Tuesday, November 20, 2012

A Little Steel Magnolias for Your Thanksgiving

So, it's Thanksgiving Week. A time for gratefulness. A time for family. A time for laughing at (I mean with!) family.

One of my favorite movie "families" has to be the cast of ladies from Steel Magnolias.

Without a doubt, some of the movie world's best one-liners come from that iconic Southern movie.

Allow me to share:

"He so confused, he doesn't know whether to scratch his watch or wind his butt."
"The only thing that separates us from the animals is our ability to accessorize."
"Miss Truvy, I promise that my personal tragedy will not interfere with my ability to do good hair."
"The nicest thing I can say about her is that all her tattoos are spelled correctly."
"Men. You can't live with 'em, and you can't shoot 'em."

And those, my friends, are only a few. Nearly every line of that movie is perfection. Not to mention populated by some of the finest, most talented actresses around, including the incomparable Dolly Parton.

I was reminded of Steel Magnolias yesterday, when I finally had a moment to dip into my December/January issue of Garden & Gun magazine. I love this magazine. I've mentioned this before. Mostly, it's because of the writing.

Page 33 immediately caught my eye. "Man of Steel: The untold story of Steel Magnolias," read the title, and after noticing the byline was the wry Julia Reed's, I read on.

It's an interview with Robert Harling, who wrote the original stage play "Steel Magnolias." I'd no idea one of my favorite movies began as a play! The story is based on his life in Natichoches, Louisiana, and about losing his sister.

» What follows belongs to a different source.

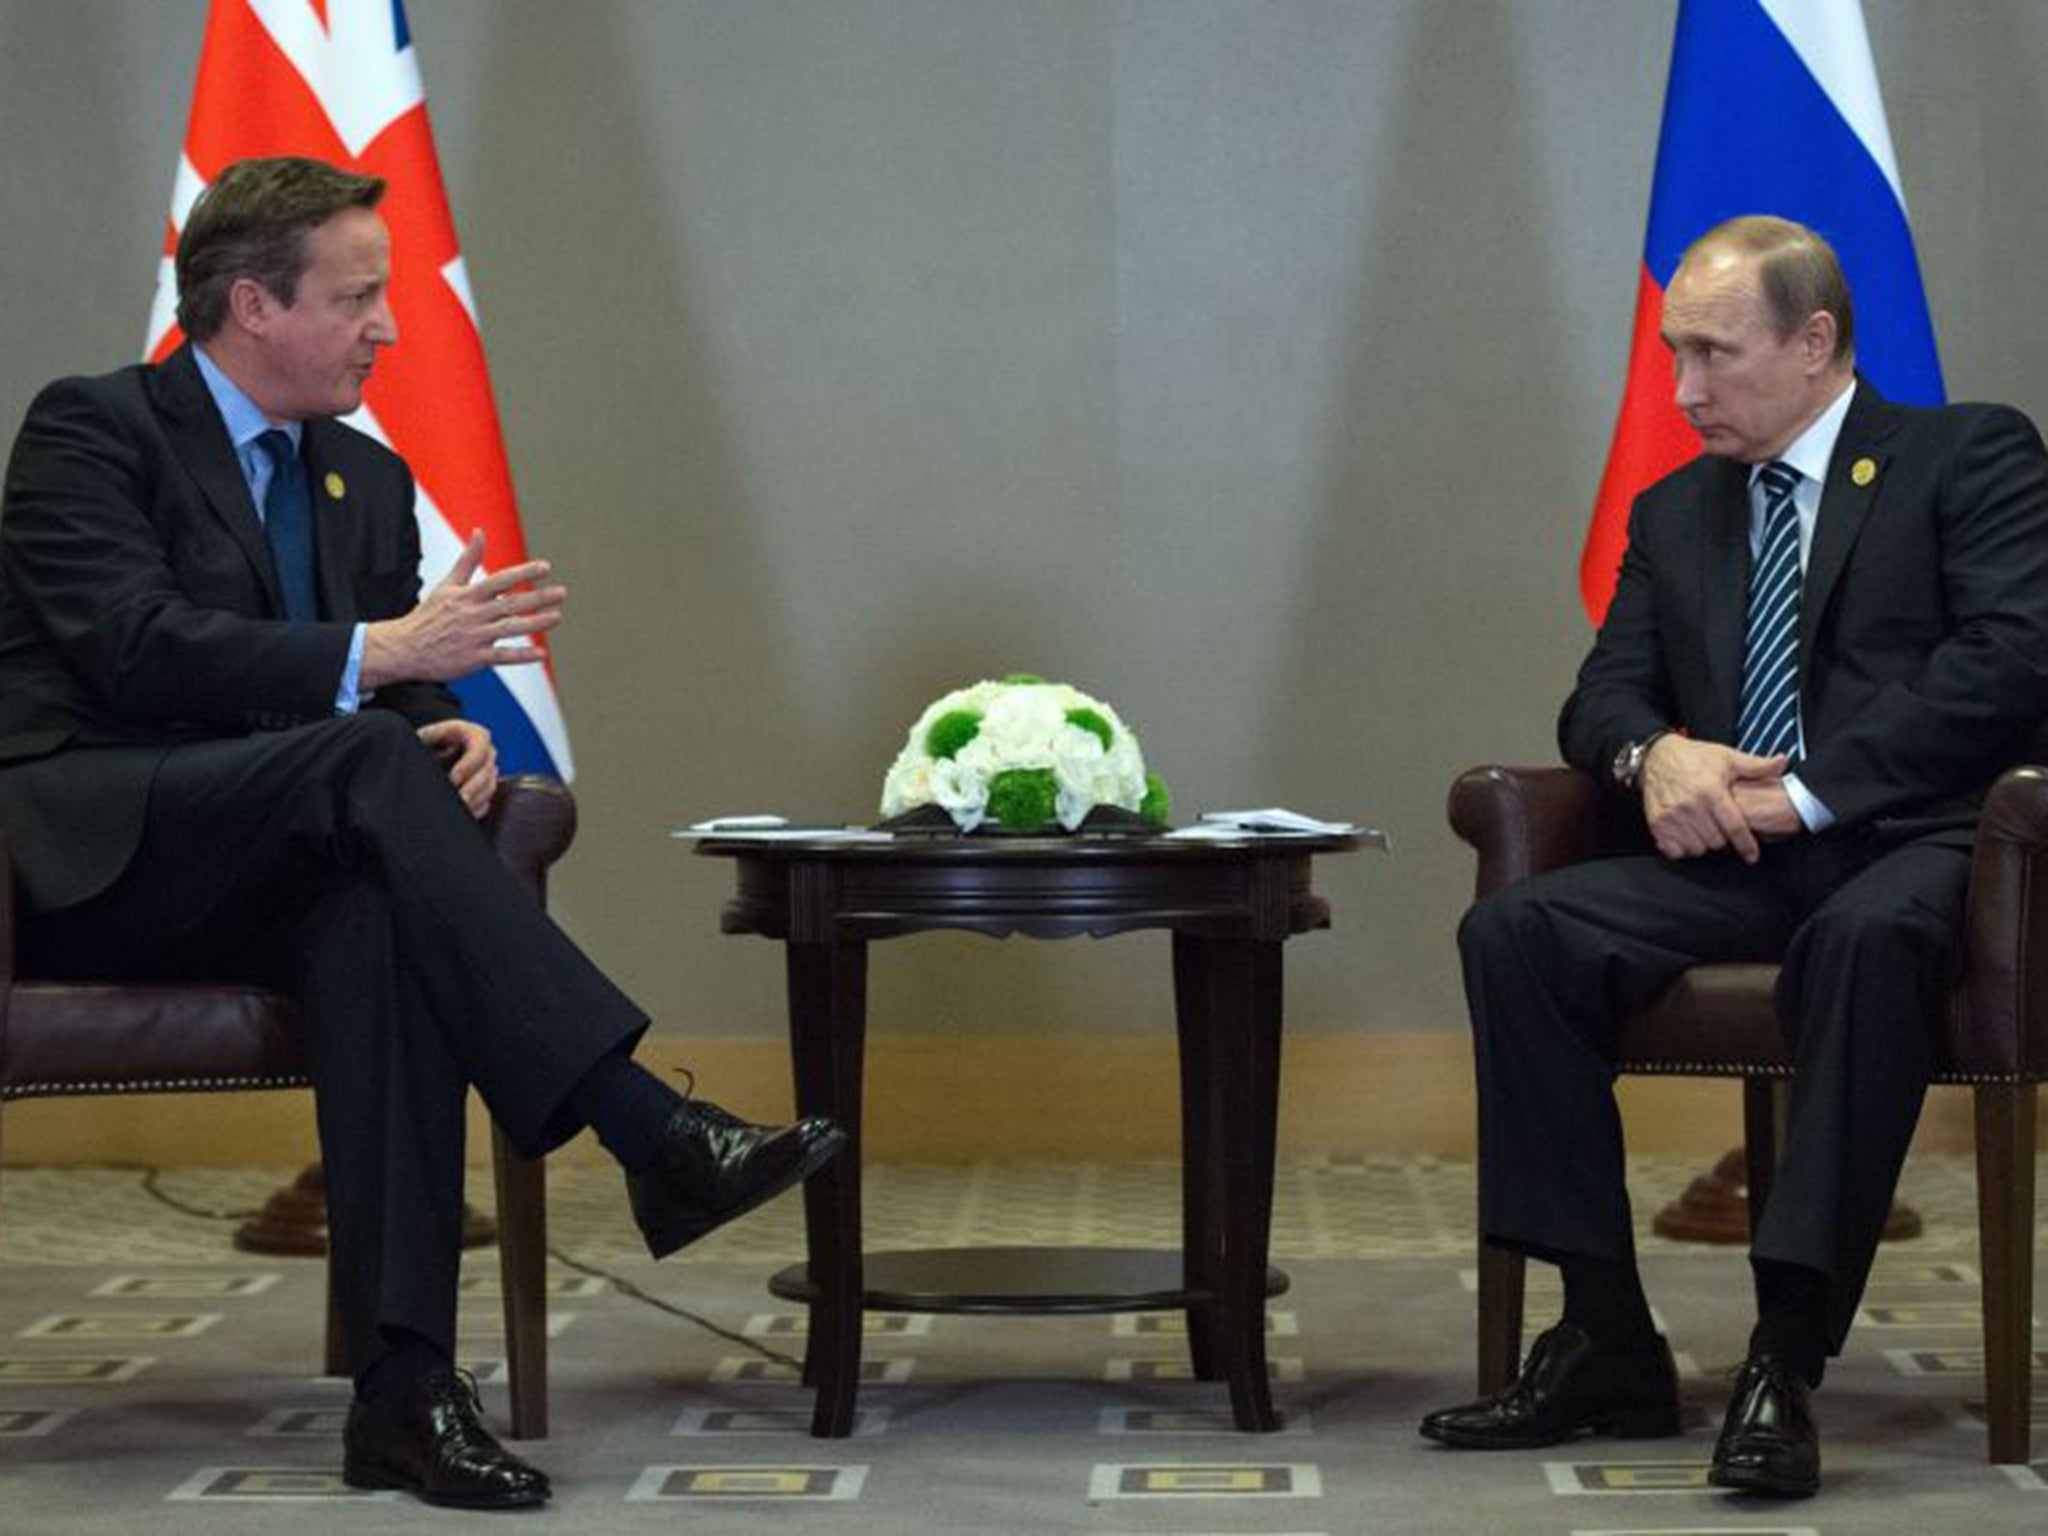 David Cameron with Vladimir Putin at the G20 summit in Turkey on Monday
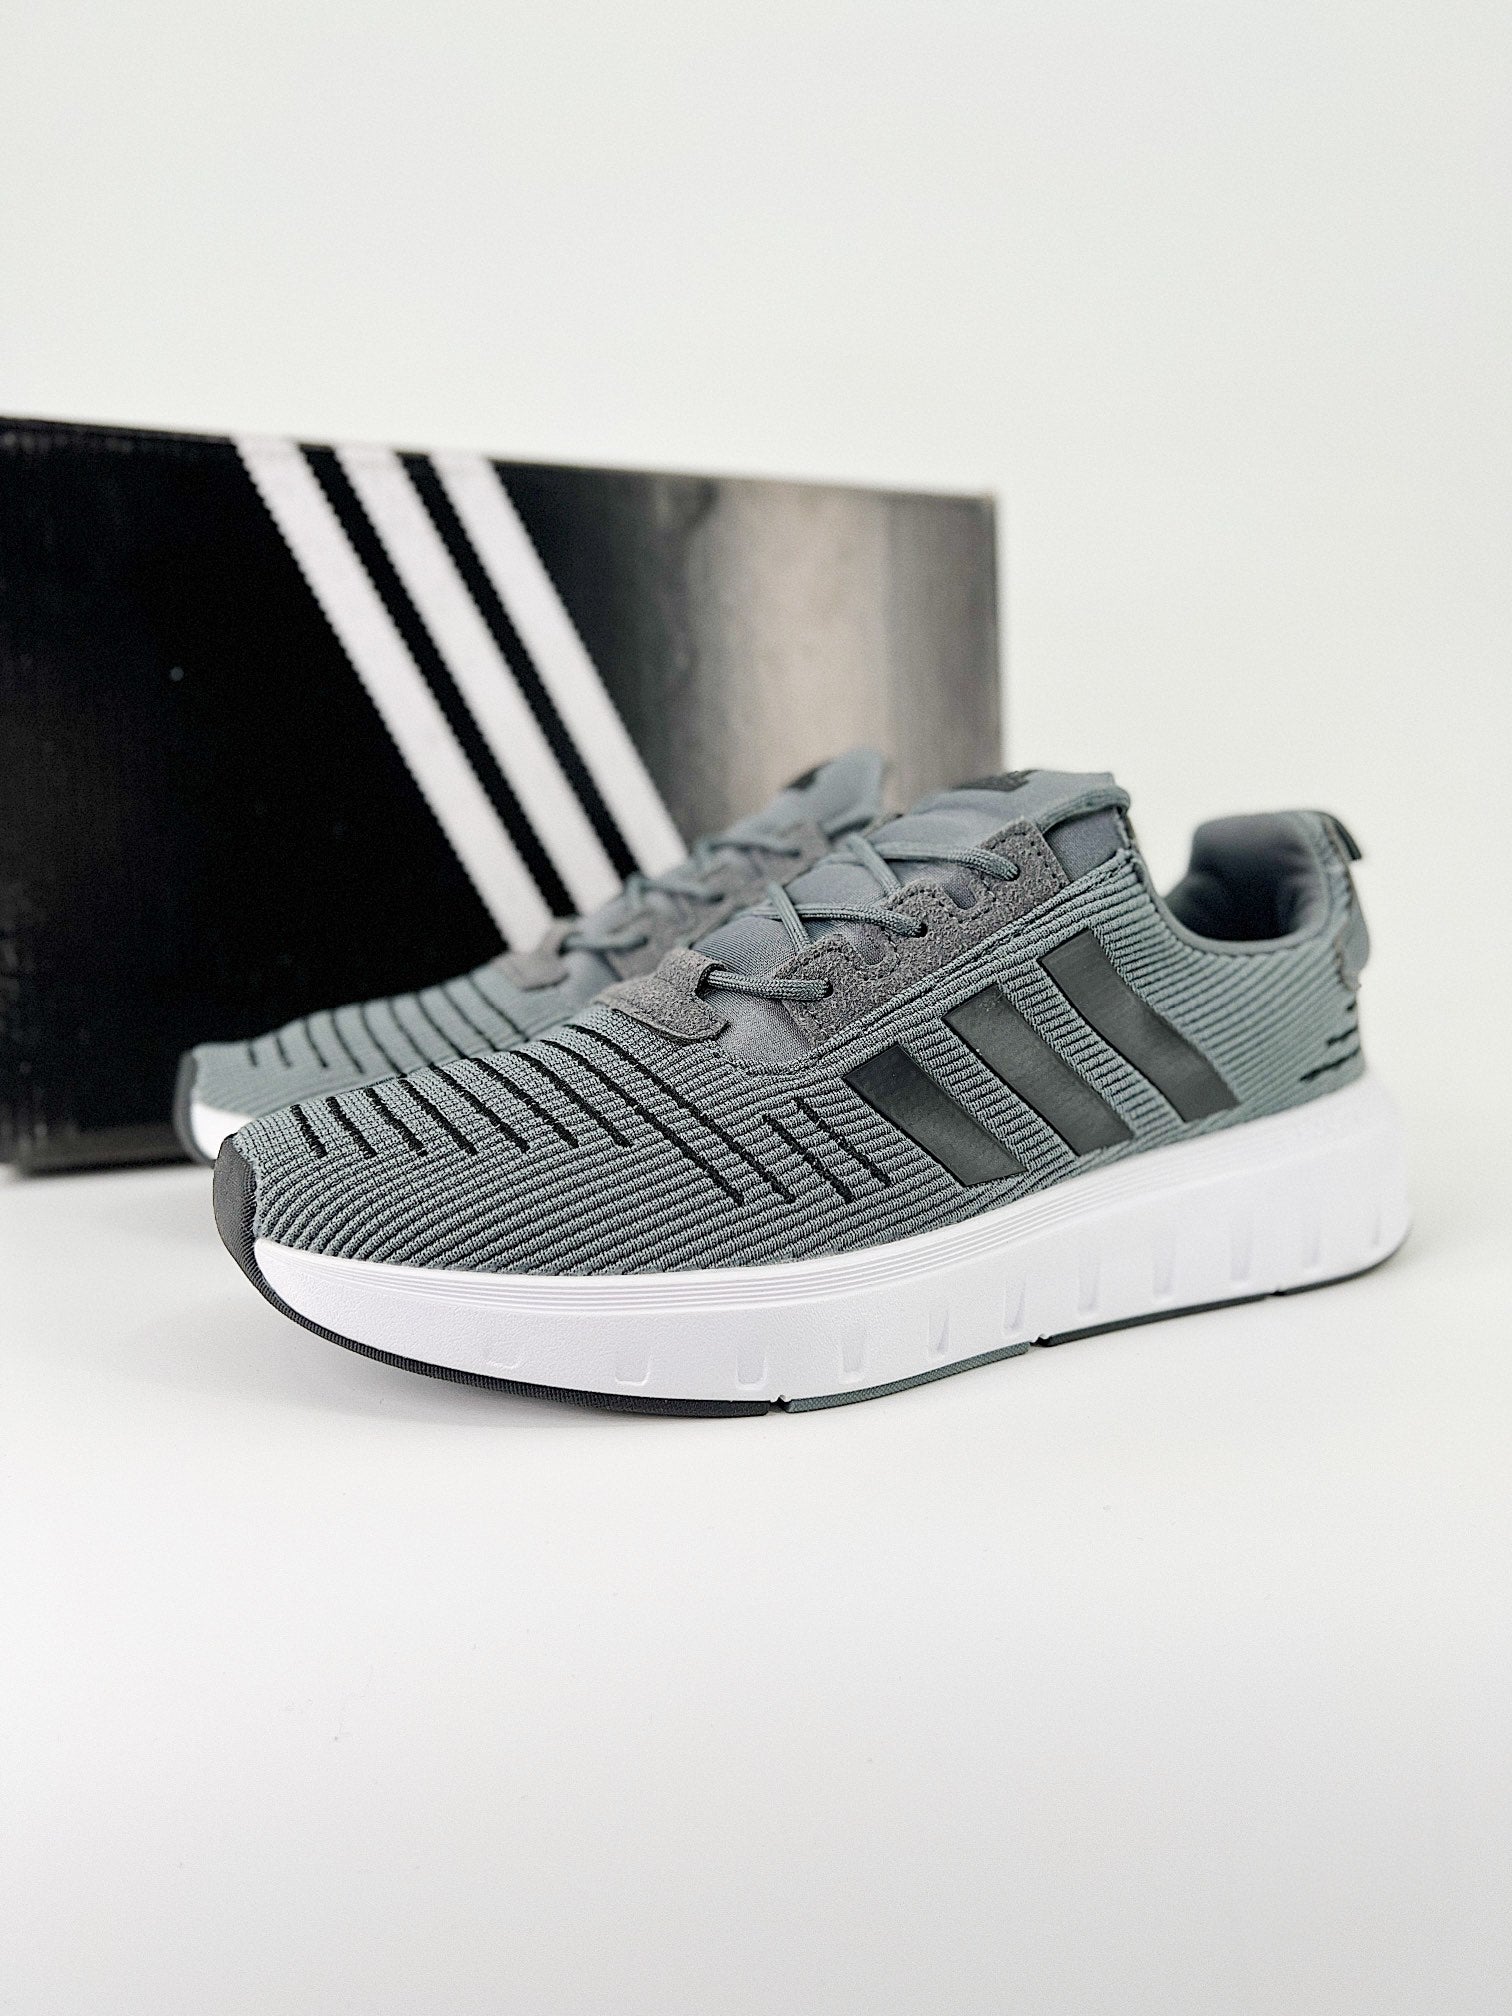 Adidas RUN swift grey and black

And the movie was actually shot in his hometown--as Harling says, "... in the houses and churches with the family and friends who inspired it in the background."

It's a fabulous interview, full of Harling's anecdotes about filming, about the actors (he and Dolly apparently rode around town in search of the best fried okra). But what I found most incredible are Harling's observations on the Southern women in his life, on whom the play was based. It's totally worth checking out.   

I advise buying the whole issue. But thankfully, Garden & Gun has posted the interview in its entirety online:


So as we all head out to be with our own crazy, wonderful families this week--or, heavens to Betsy, have them come to us--here's a chance to laugh. Laugh and be thankful that we've got each other.

Happy Thanksgiving, everyone!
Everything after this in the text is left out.